Task statement
Practice item. Set the material below down again exactly, with no pictures.

Raw data

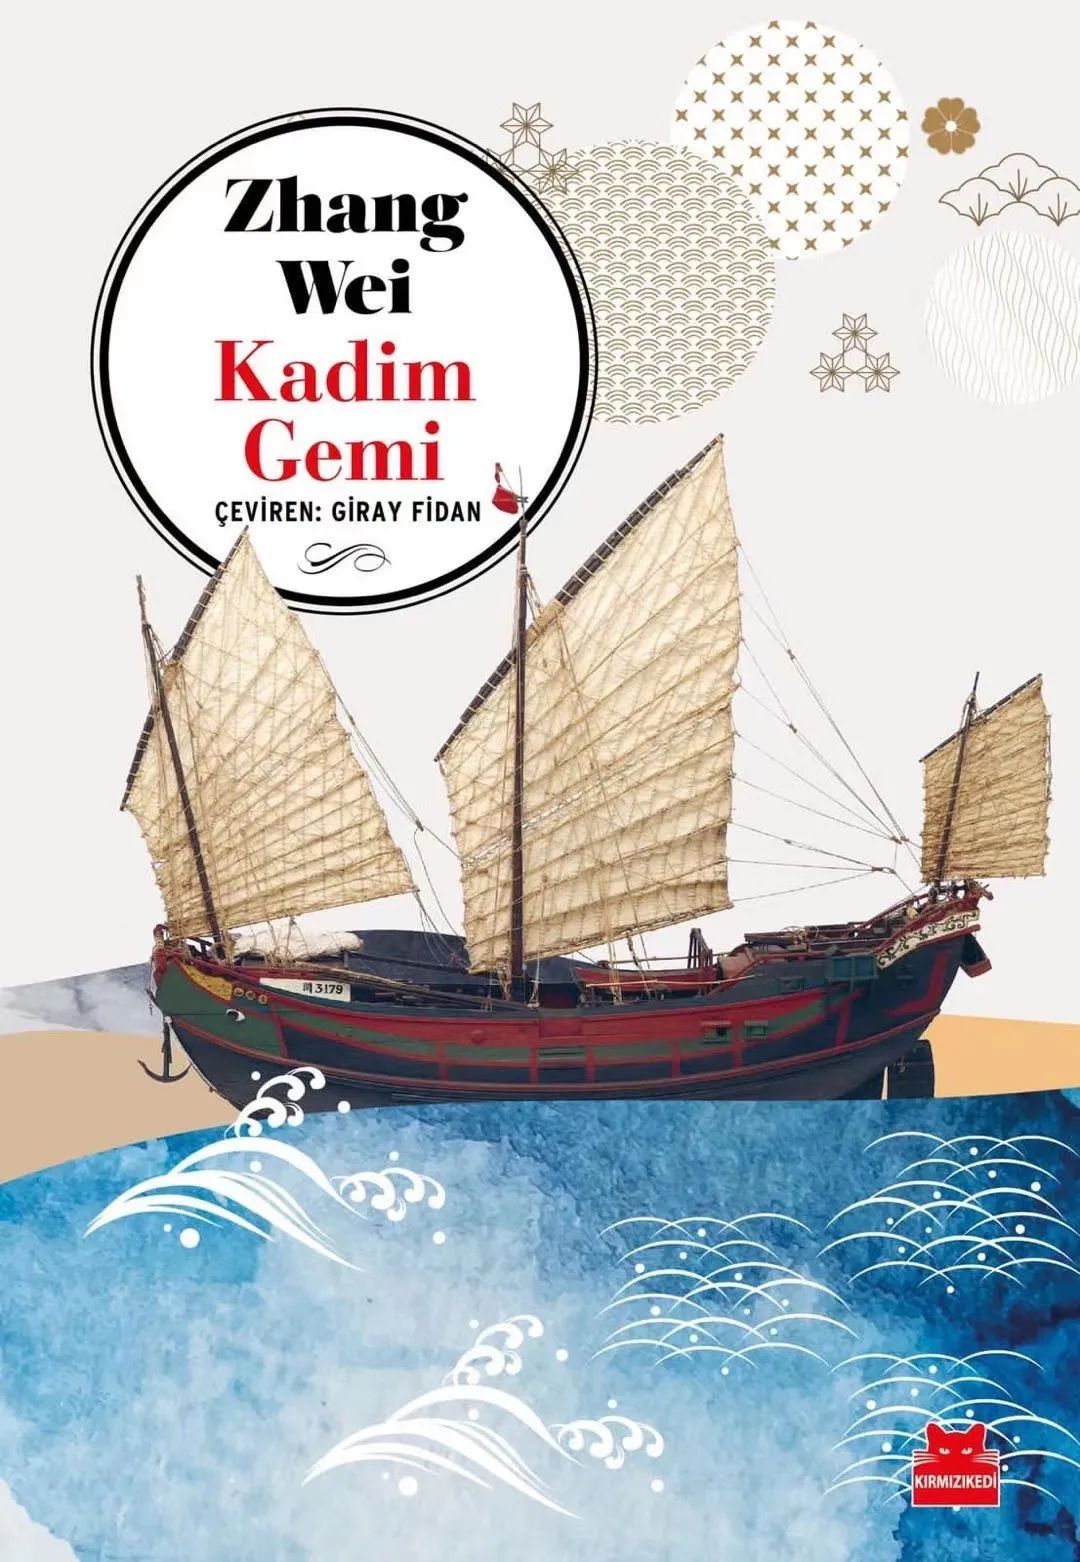 张炜《古船》丨土耳其语译本再版上市
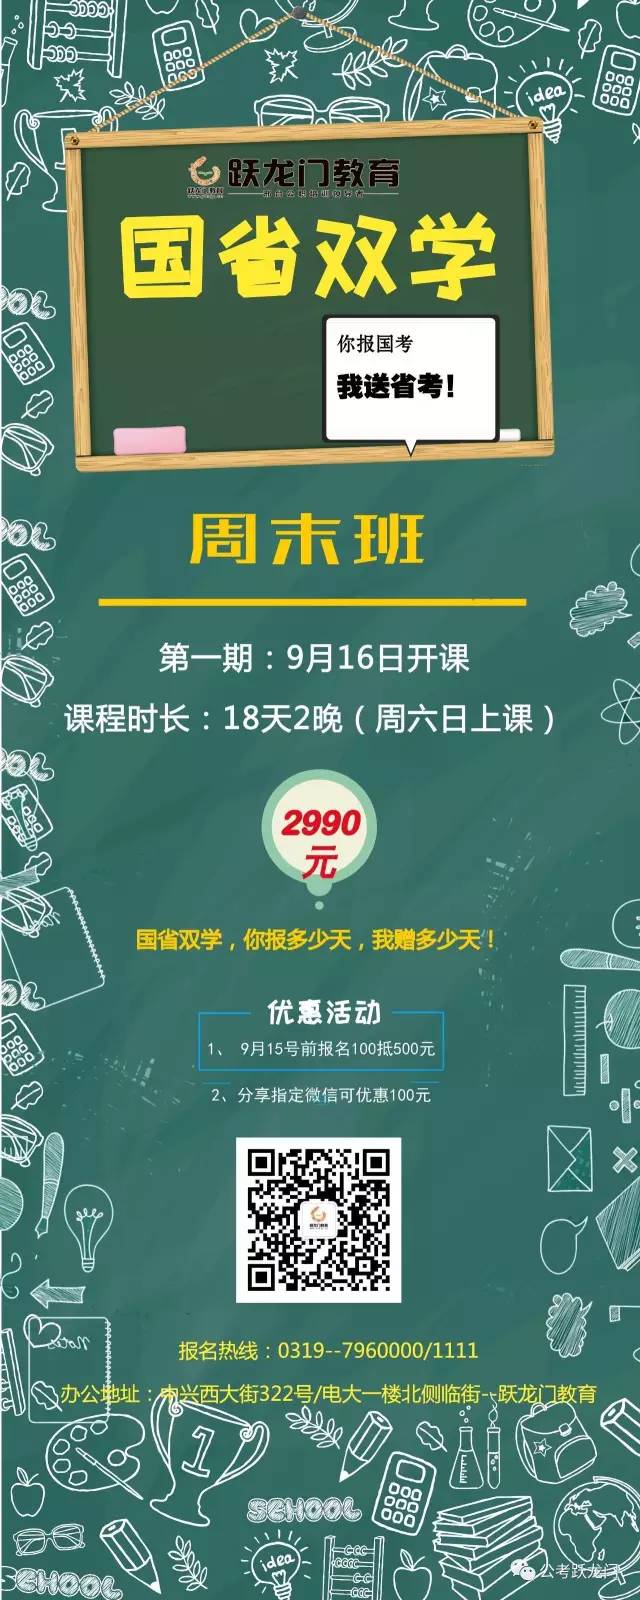 跃龙门教育2018国省双学笔试培训课程火热报名中 职业培训4
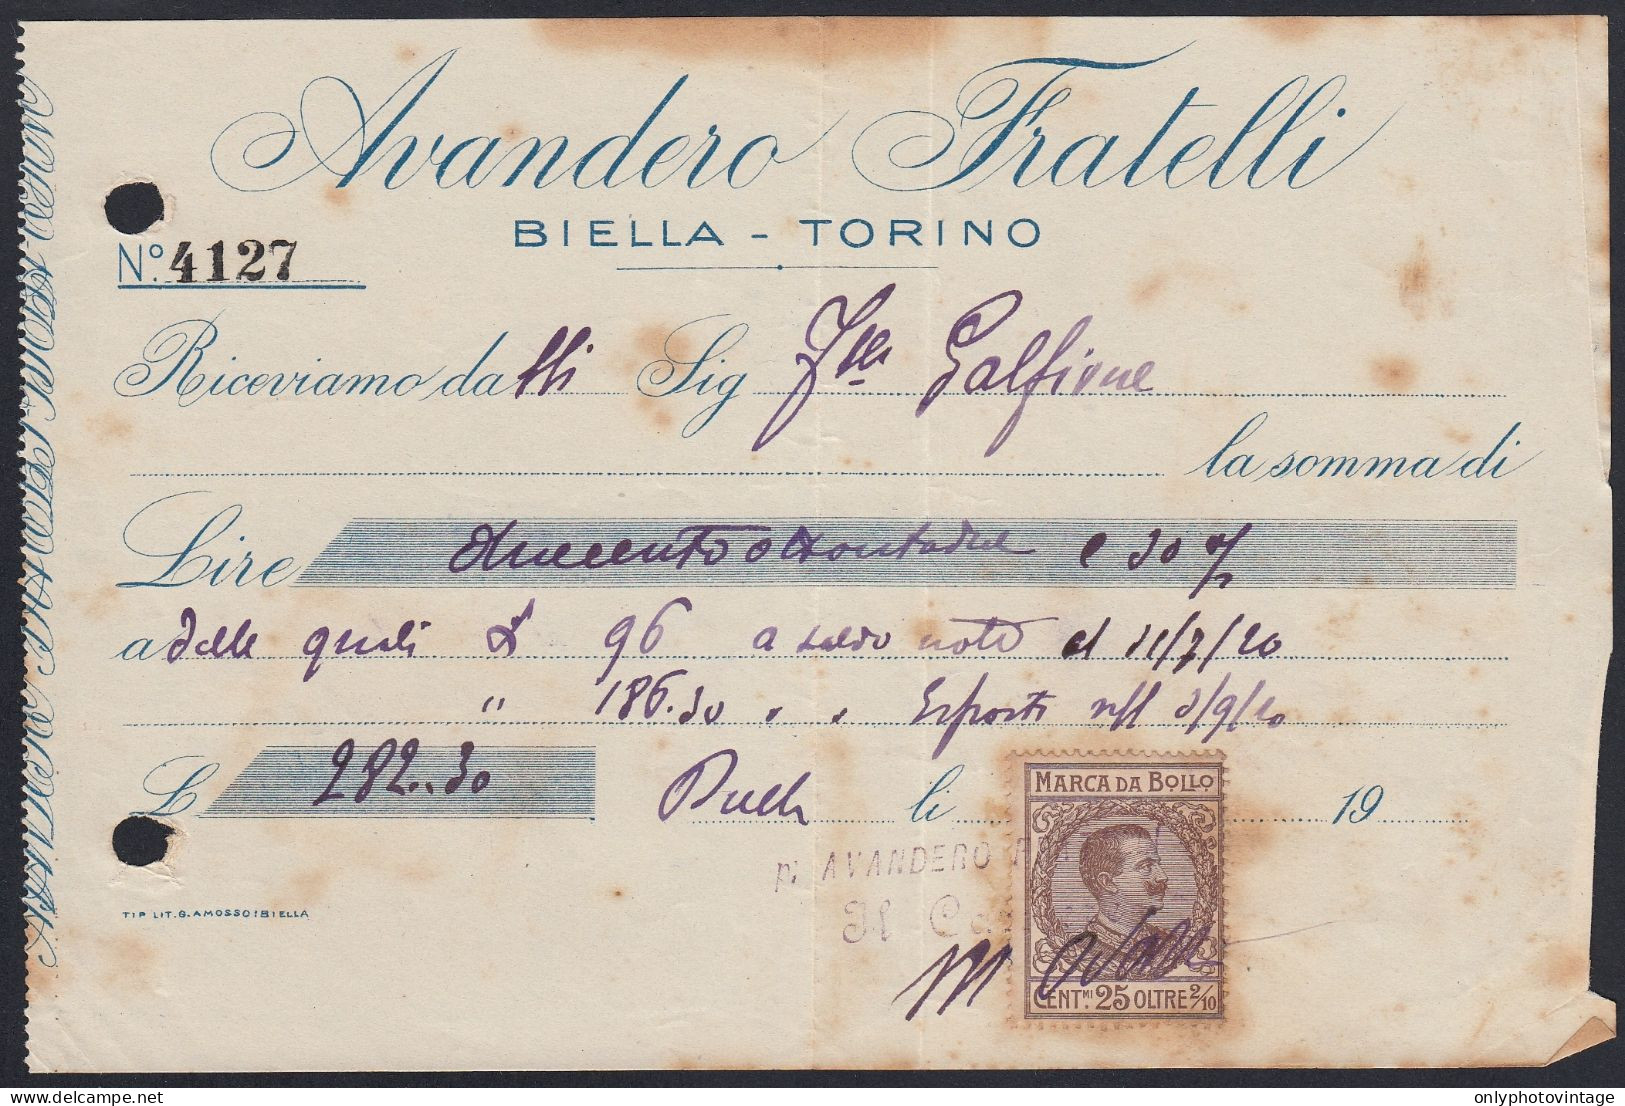 Biella 1920 - Avandero Fratelli - Marca Da Bollo - Ricevuta Pagamento - Italie

Your solution
 张炜《古船》丨土耳其语译本再版上市
 跃龙门教育2018国省双学笔试培训课程火热报名中 职业培训4
 Biella 1920 - Avandero Fratelli - Marca Da Bollo - Ricevuta Pagamento - Italie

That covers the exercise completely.